▶ [Task goal] Beginning with the line containing "Bday Gift Ideas For Boyfriend" and going on through the line containing "10 Most Re mended", the lines below are to be returned exactly, pictures excluded and nothing added.

▶ [Given entries]
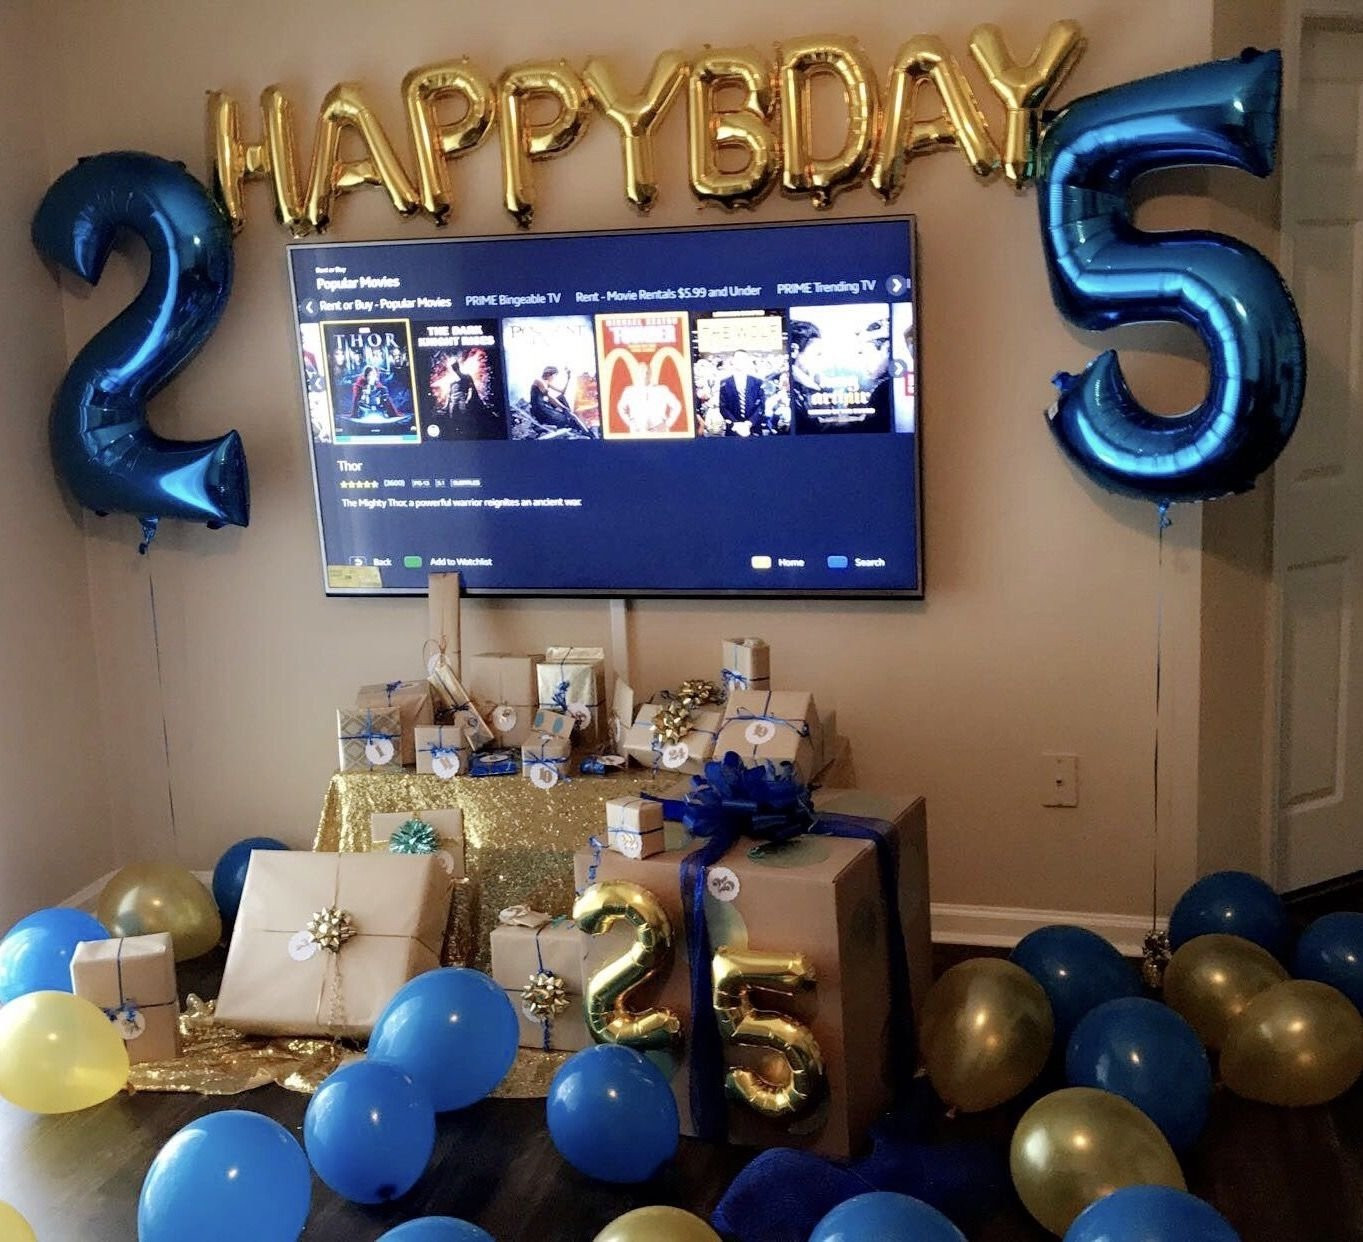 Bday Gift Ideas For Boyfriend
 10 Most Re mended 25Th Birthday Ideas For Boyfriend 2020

---

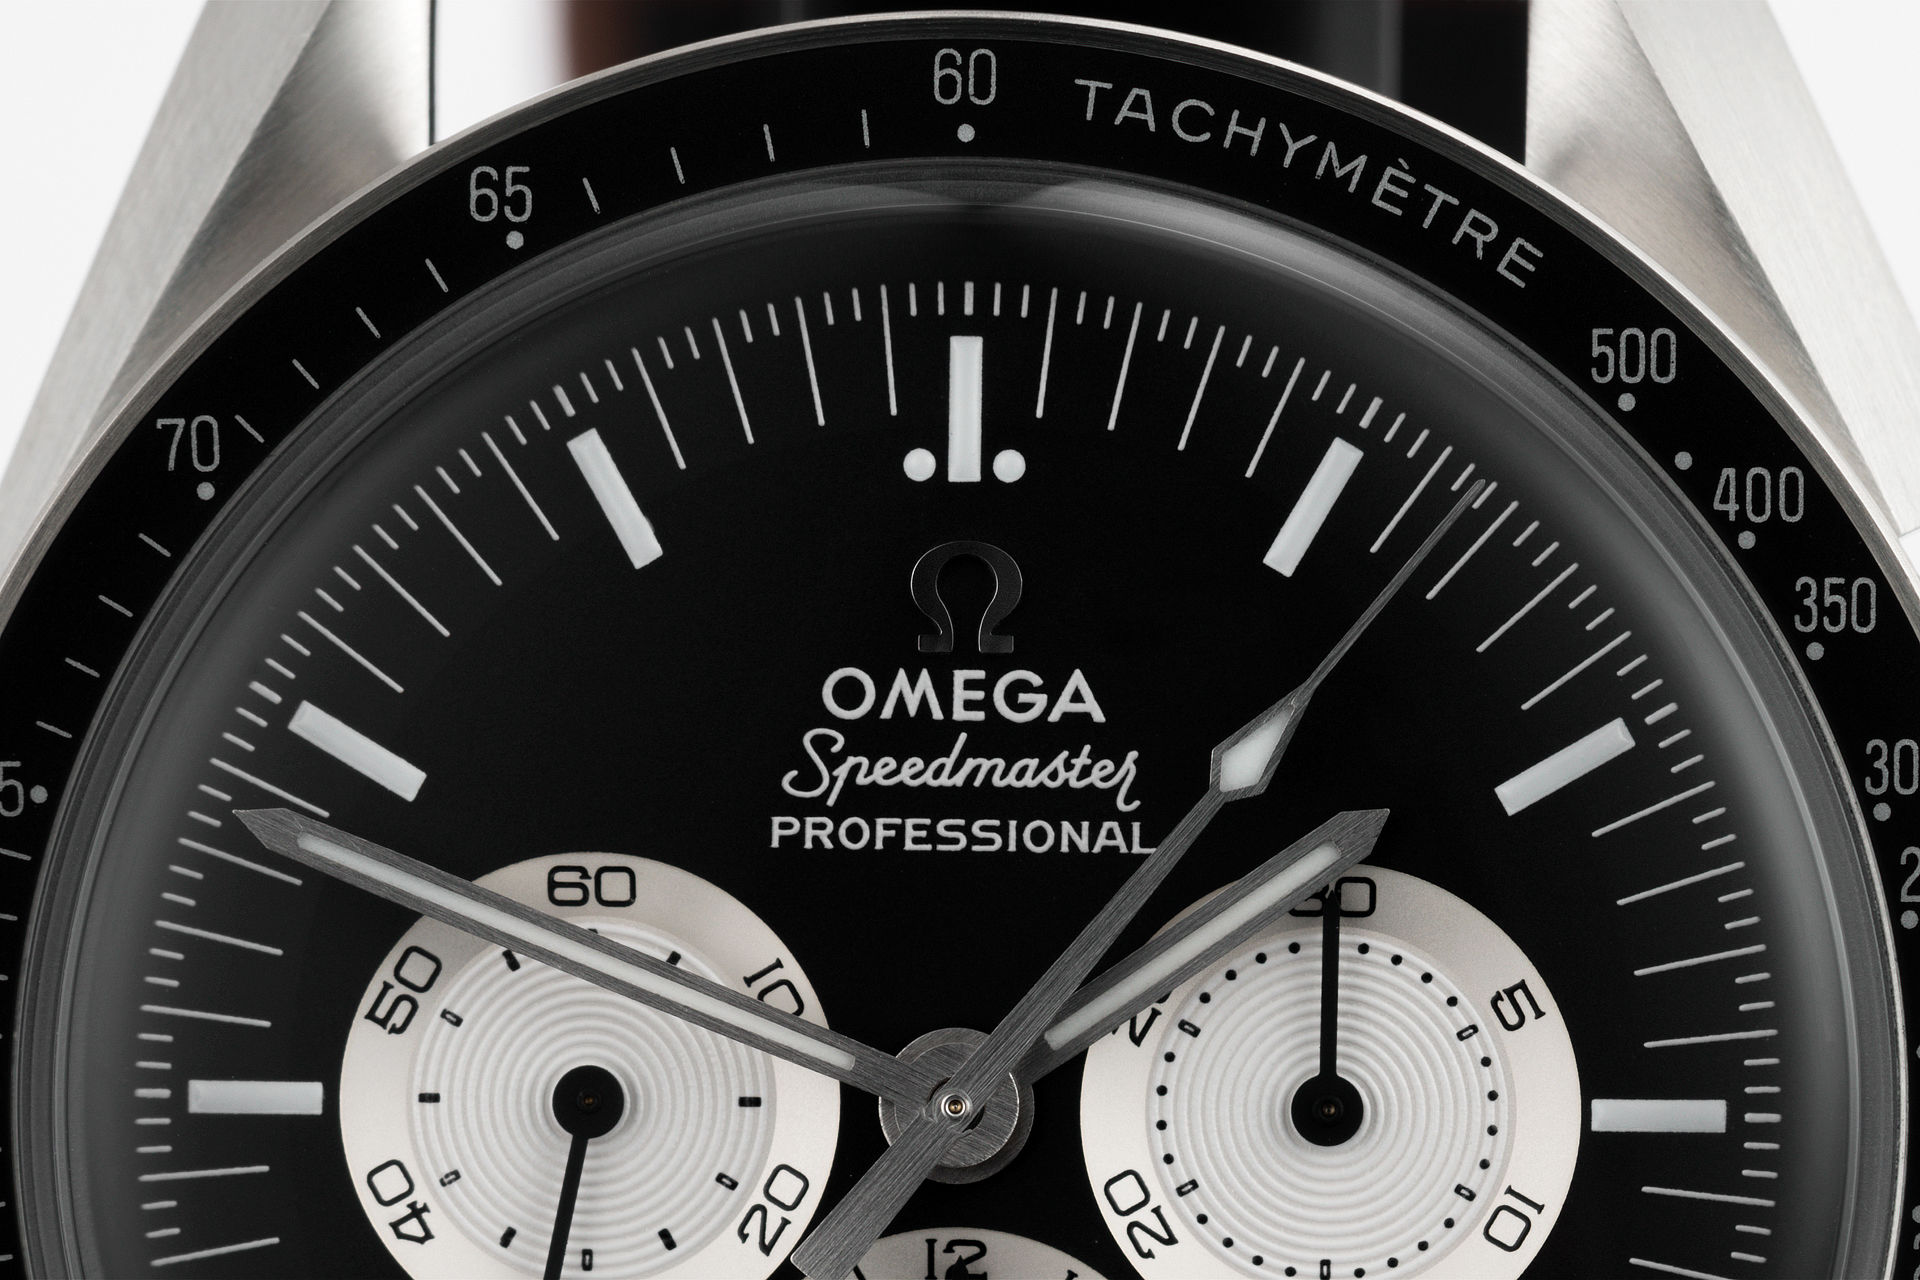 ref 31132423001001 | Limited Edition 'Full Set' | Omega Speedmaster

--

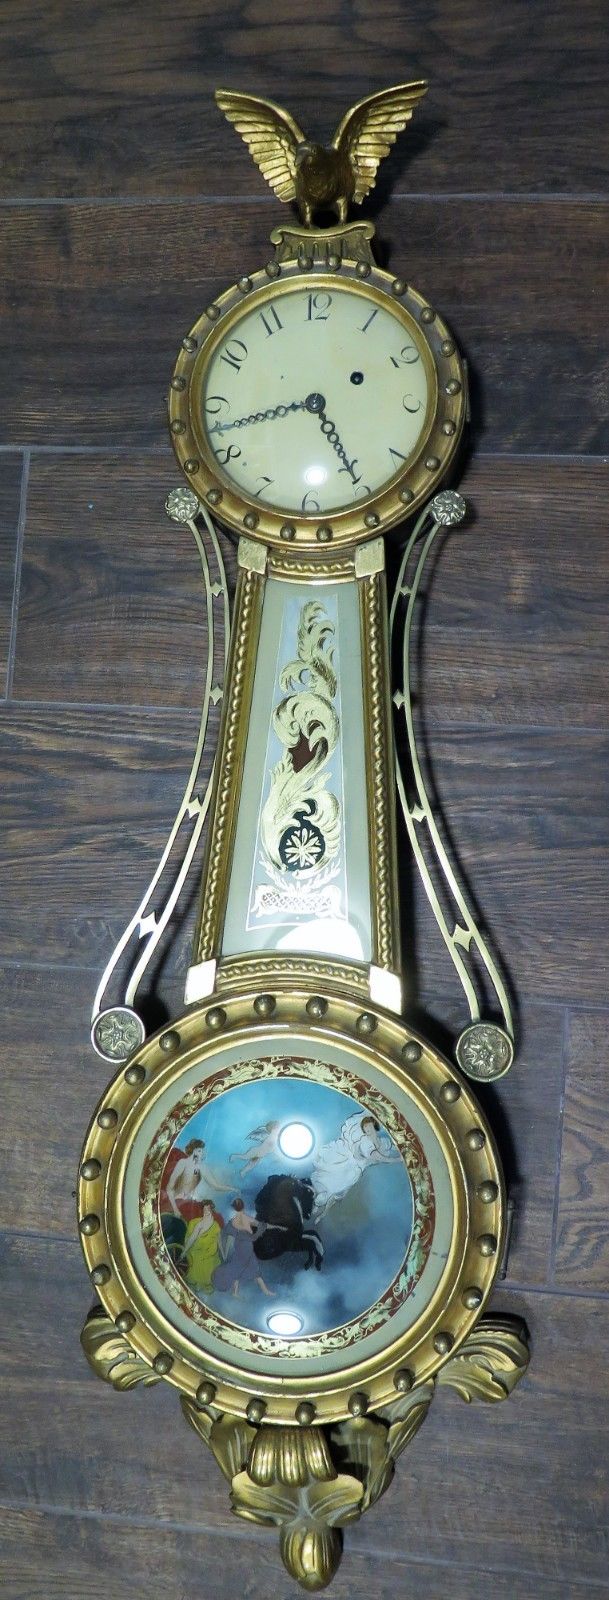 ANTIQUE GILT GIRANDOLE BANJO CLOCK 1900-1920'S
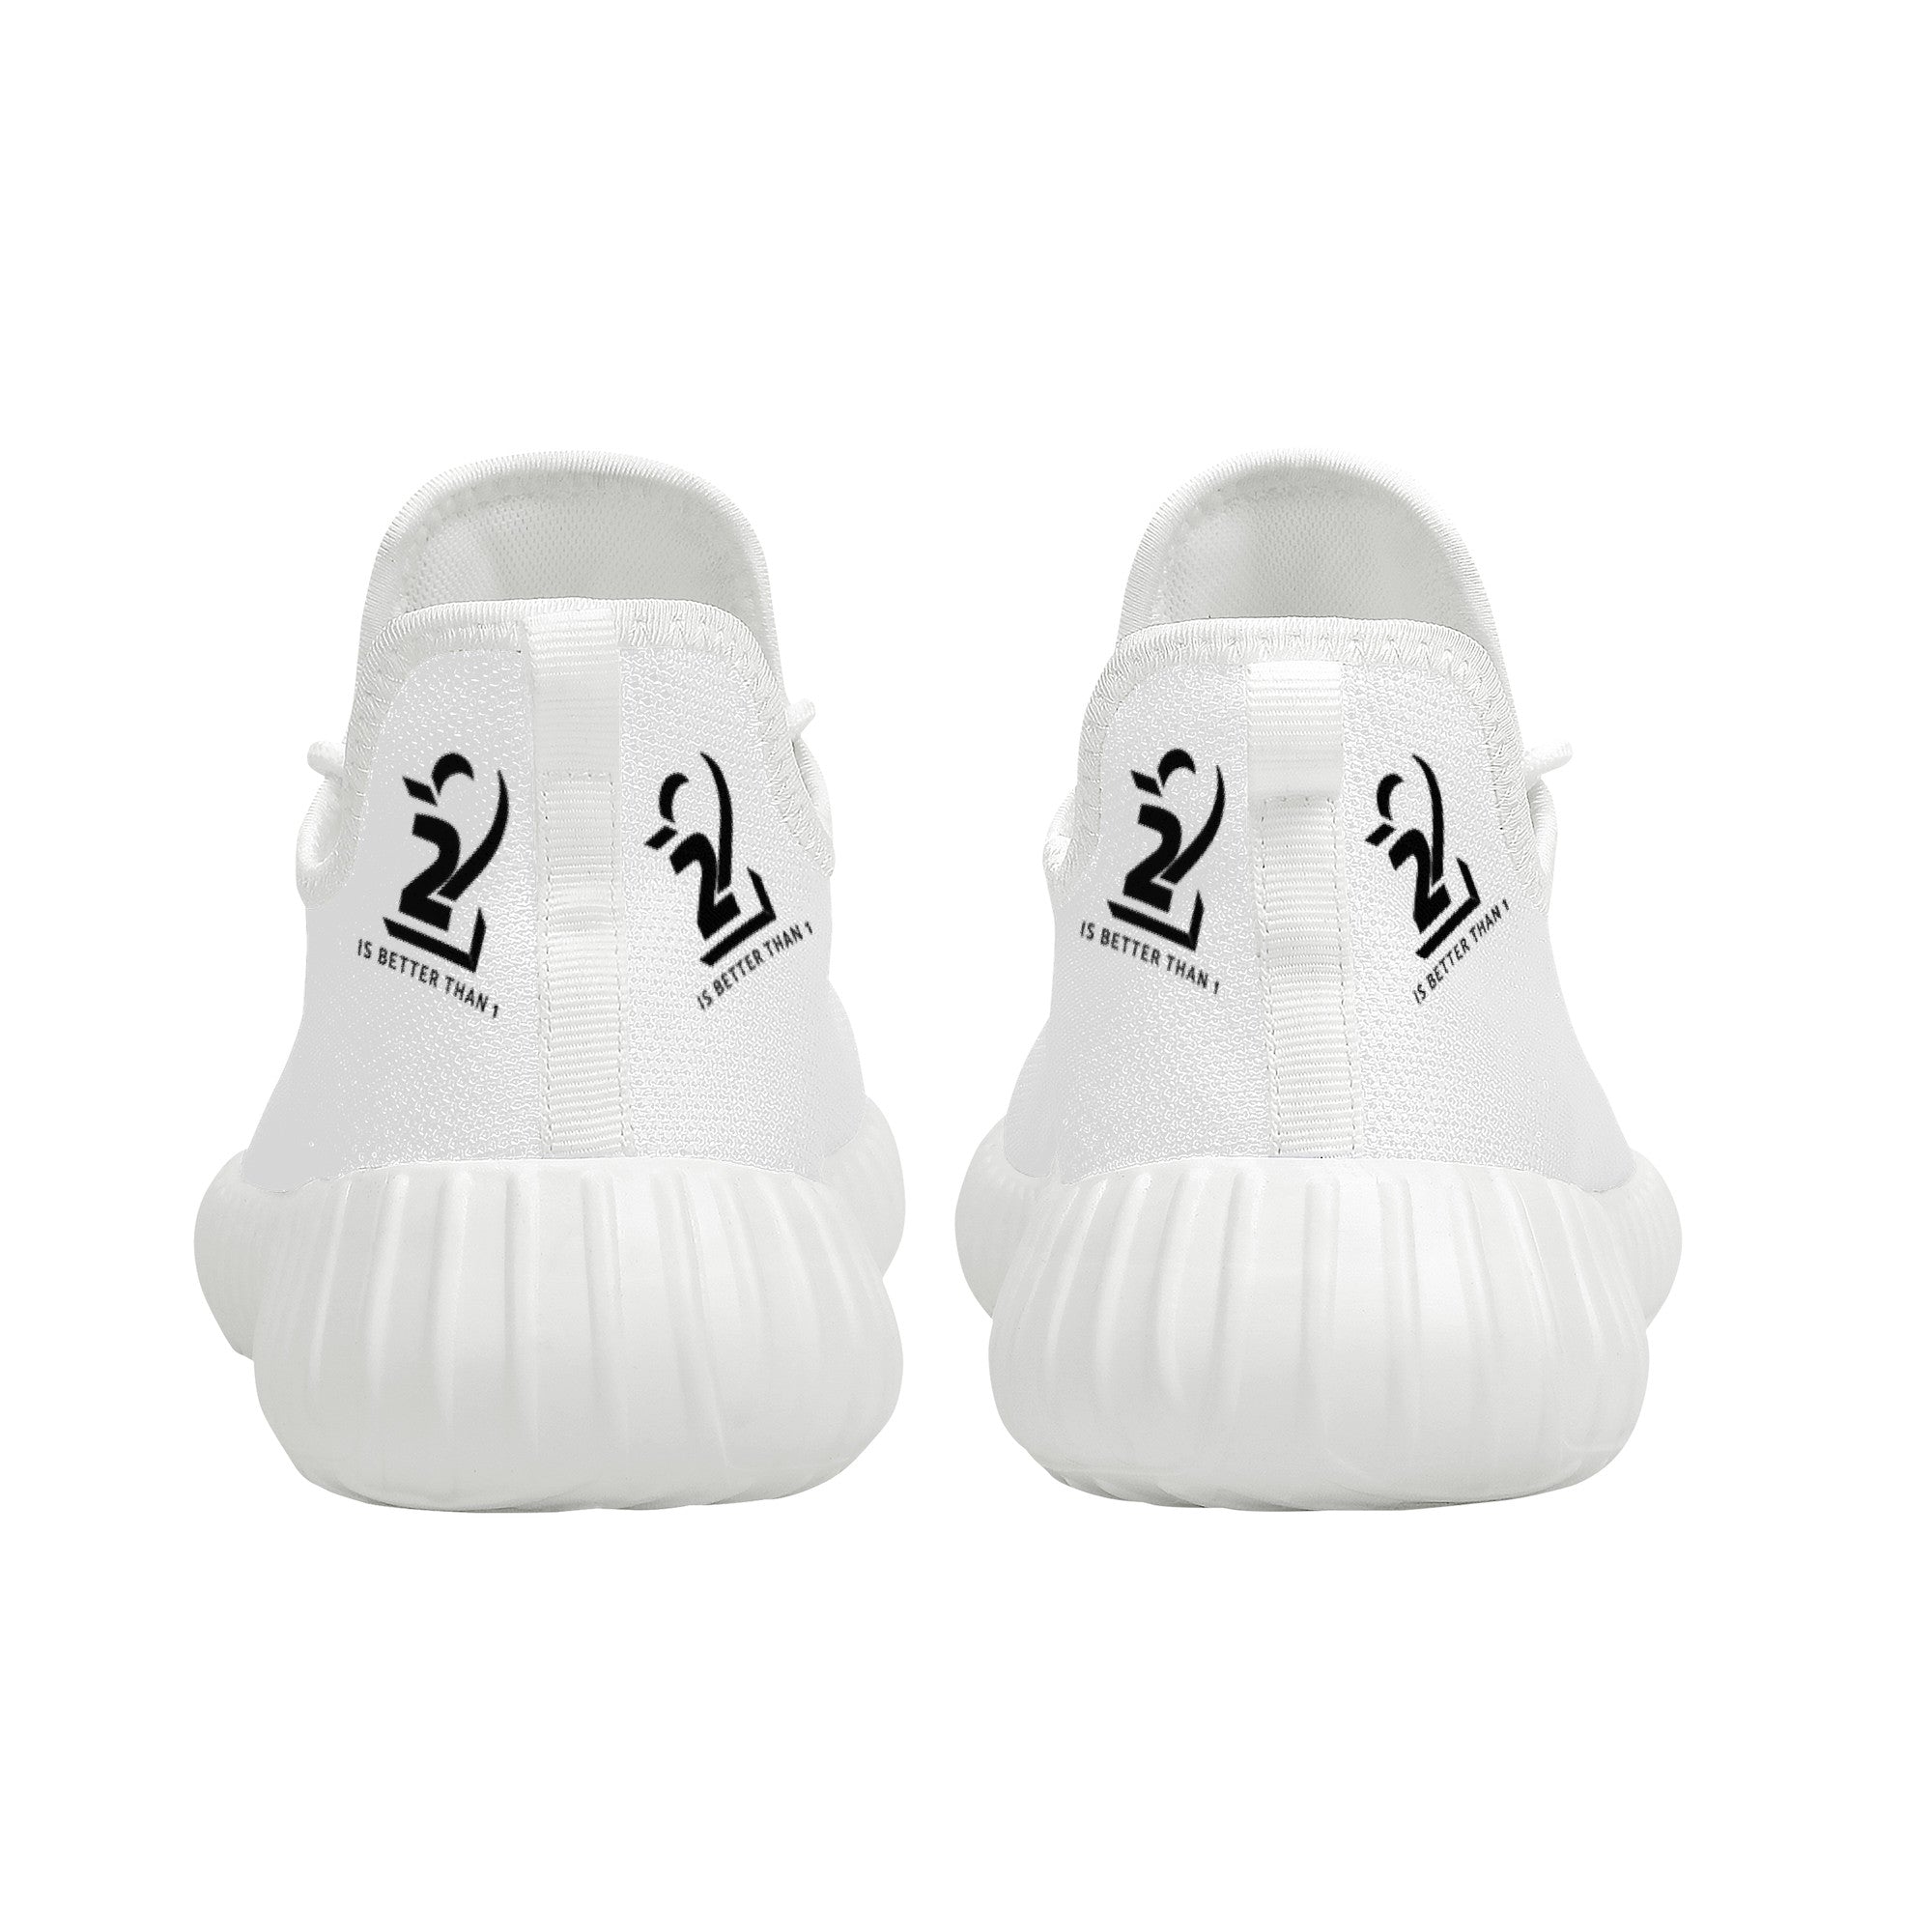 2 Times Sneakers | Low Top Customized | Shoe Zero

▶ [Reply]
 Bday Gift Ideas For Boyfriend
 10 Most Re mended 25Th Birthday Ideas For Boyfriend 2020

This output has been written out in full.